Work order: Line by line, give the data again exactly as it appears, but without pictures.

Collected material:
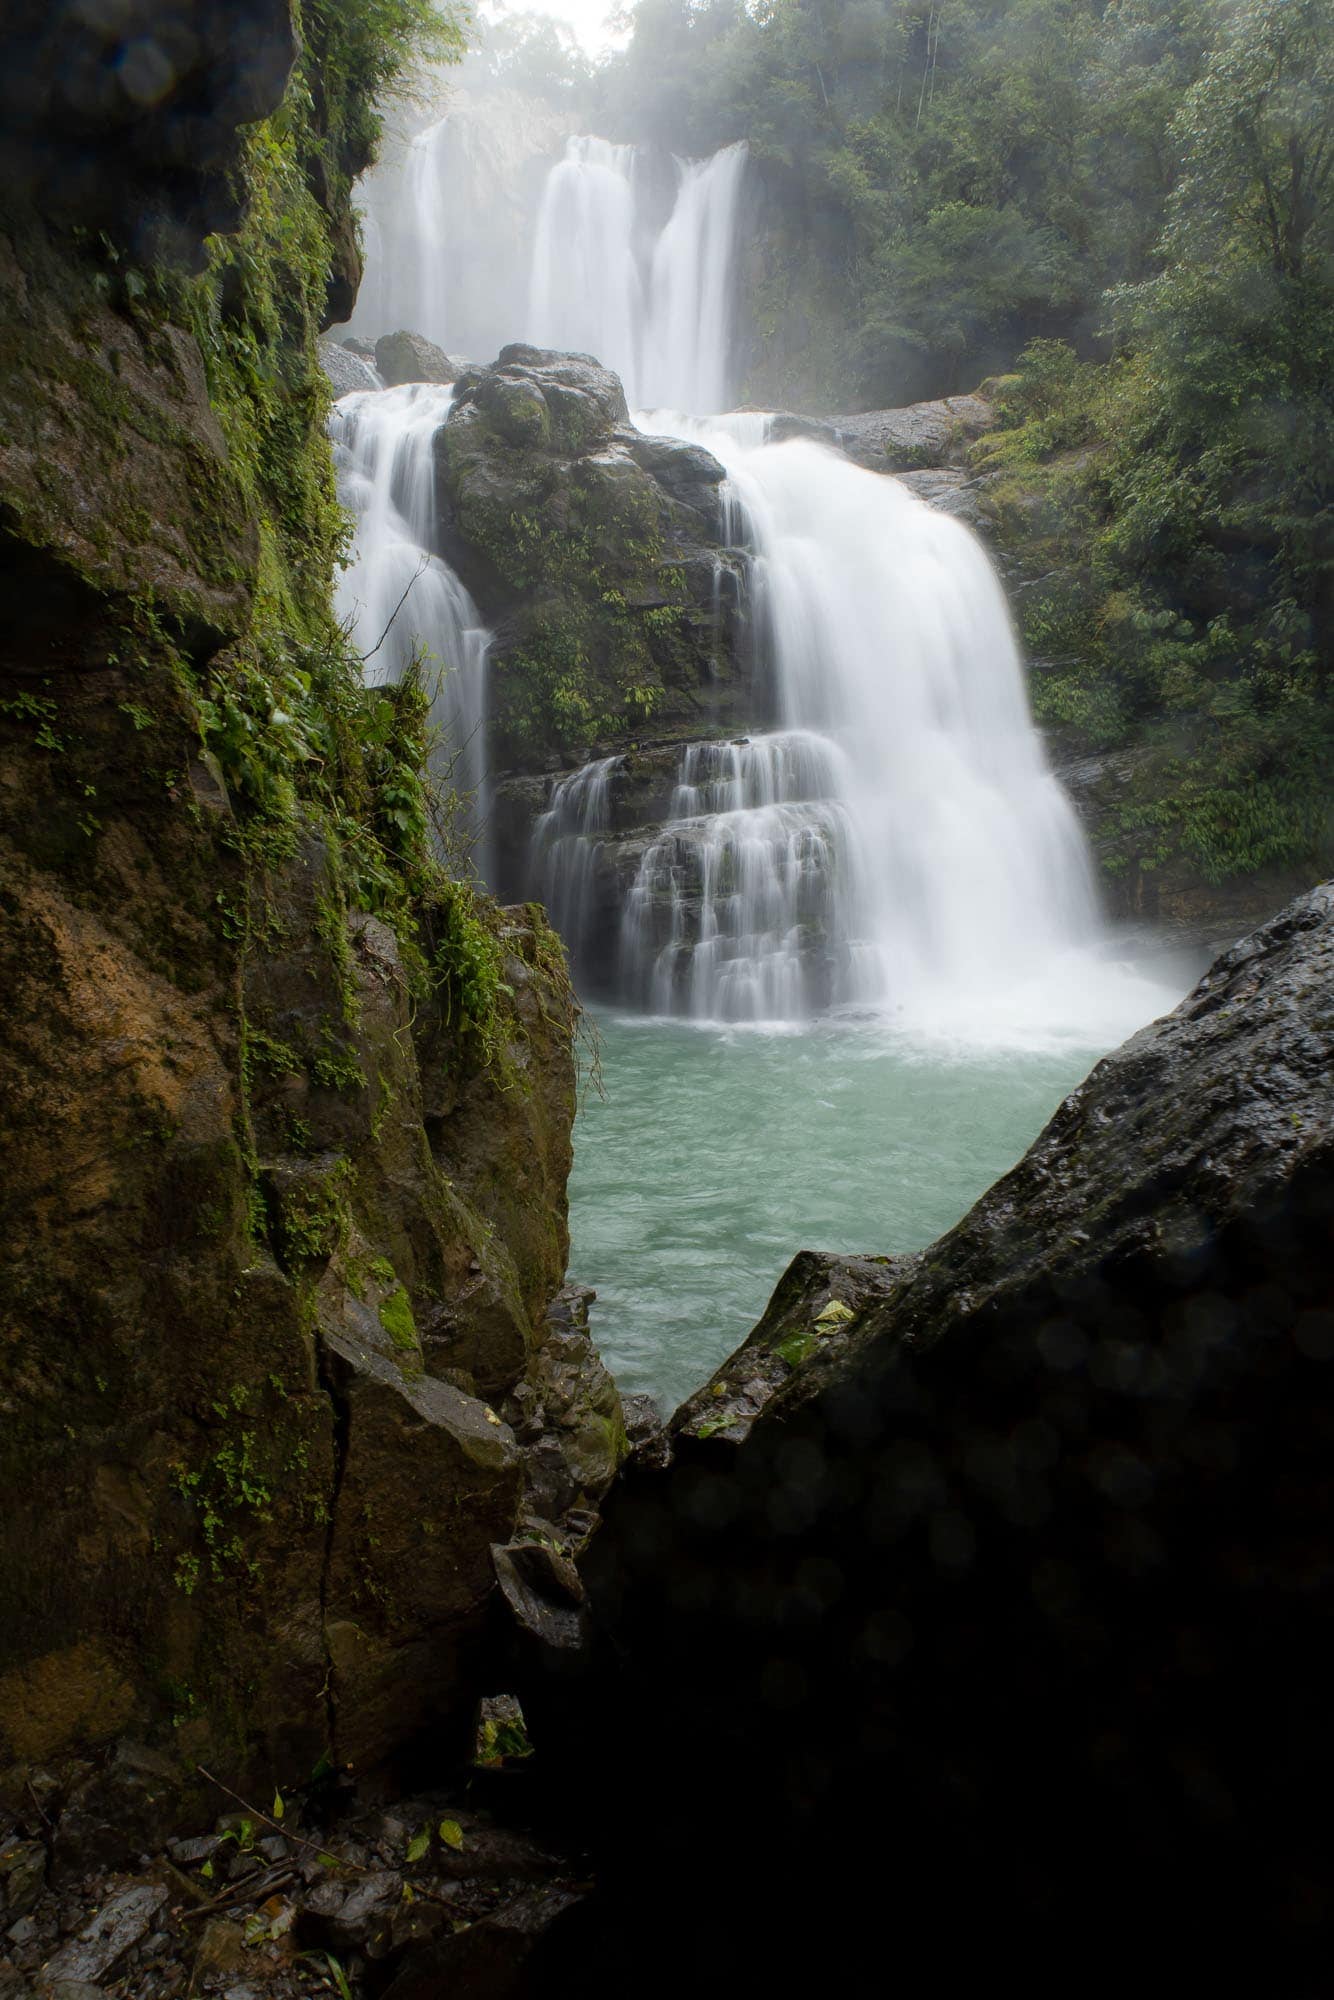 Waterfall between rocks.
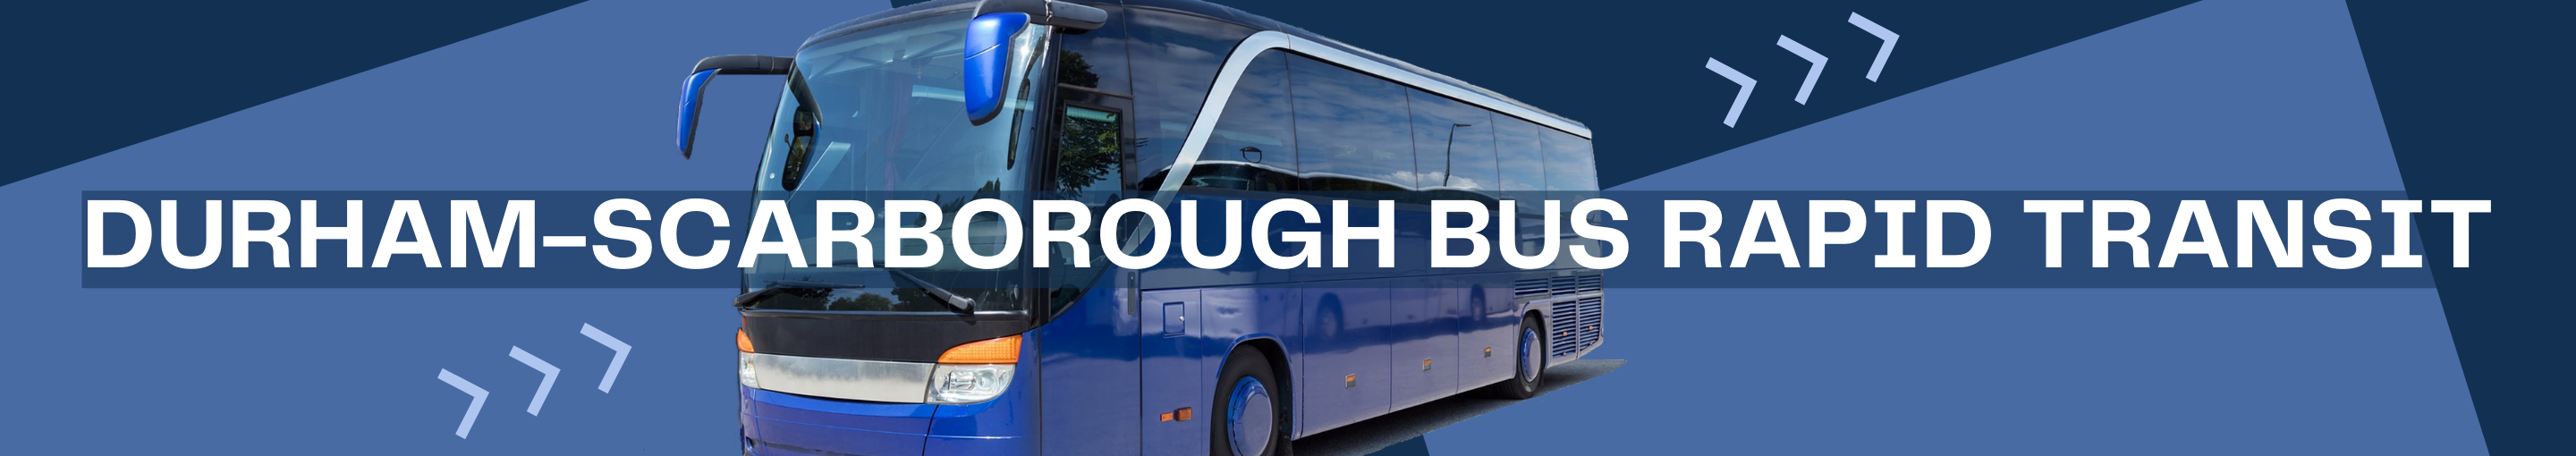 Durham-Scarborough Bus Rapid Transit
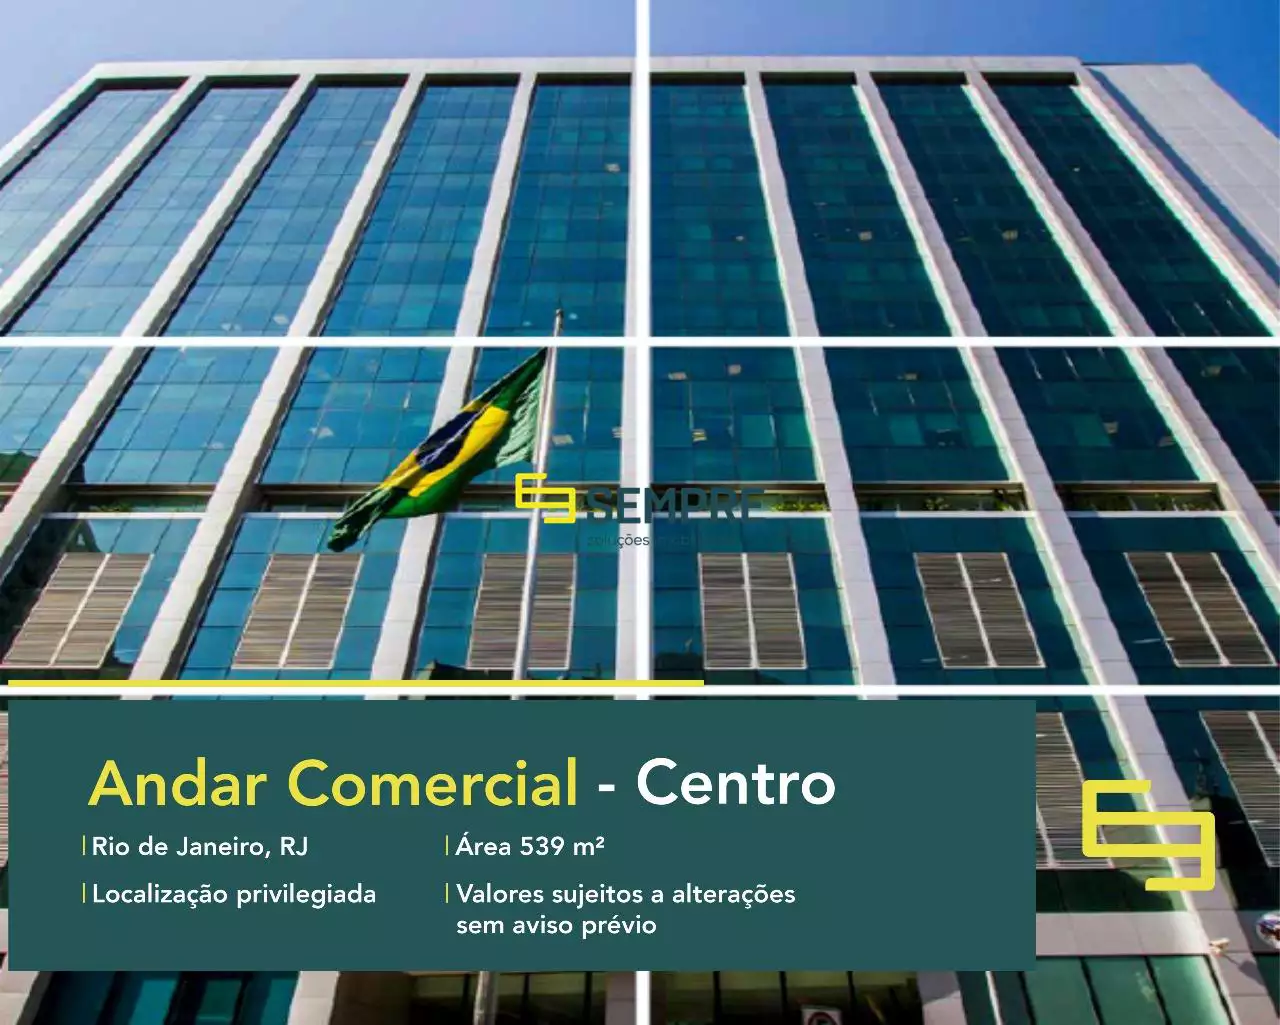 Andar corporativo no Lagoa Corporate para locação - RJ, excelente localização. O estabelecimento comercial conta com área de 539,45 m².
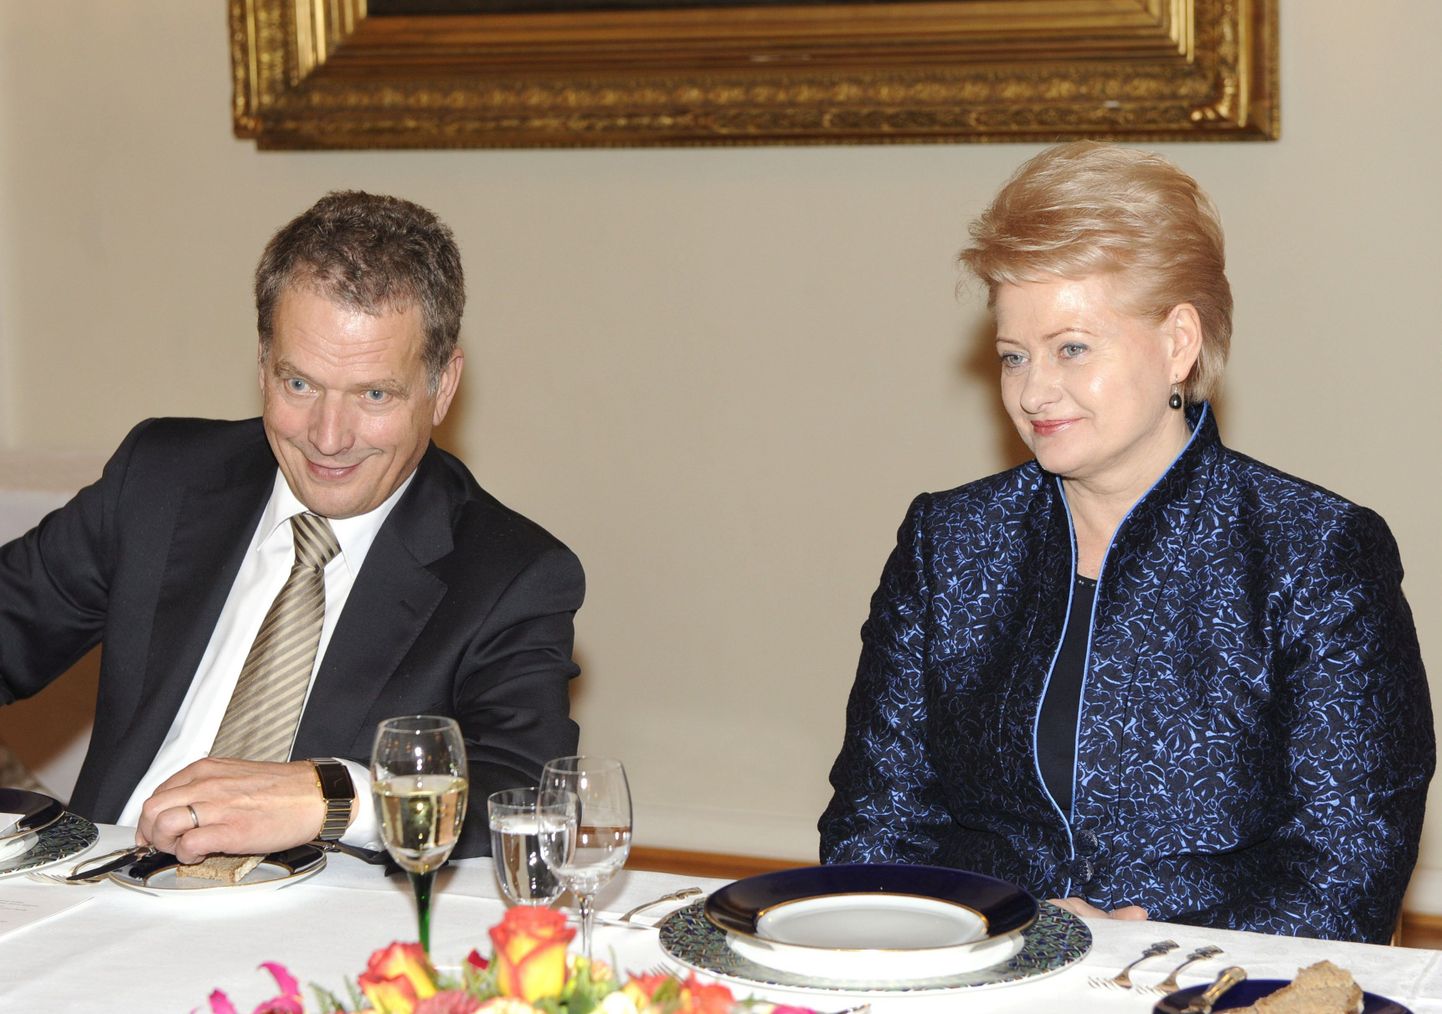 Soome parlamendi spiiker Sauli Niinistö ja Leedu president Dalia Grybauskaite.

Final answer:
 Waterfall between rocks.
 Durham-Scarborough Bus Rapid Transit
 Andar corporativo no Lagoa Corporate para locação - RJ, excelente localização. O estabelecimento comercial conta com área de 539,45 m².
 Soome parlamendi spiiker Sauli Niinistö ja Leedu president Dalia Grybauskaite.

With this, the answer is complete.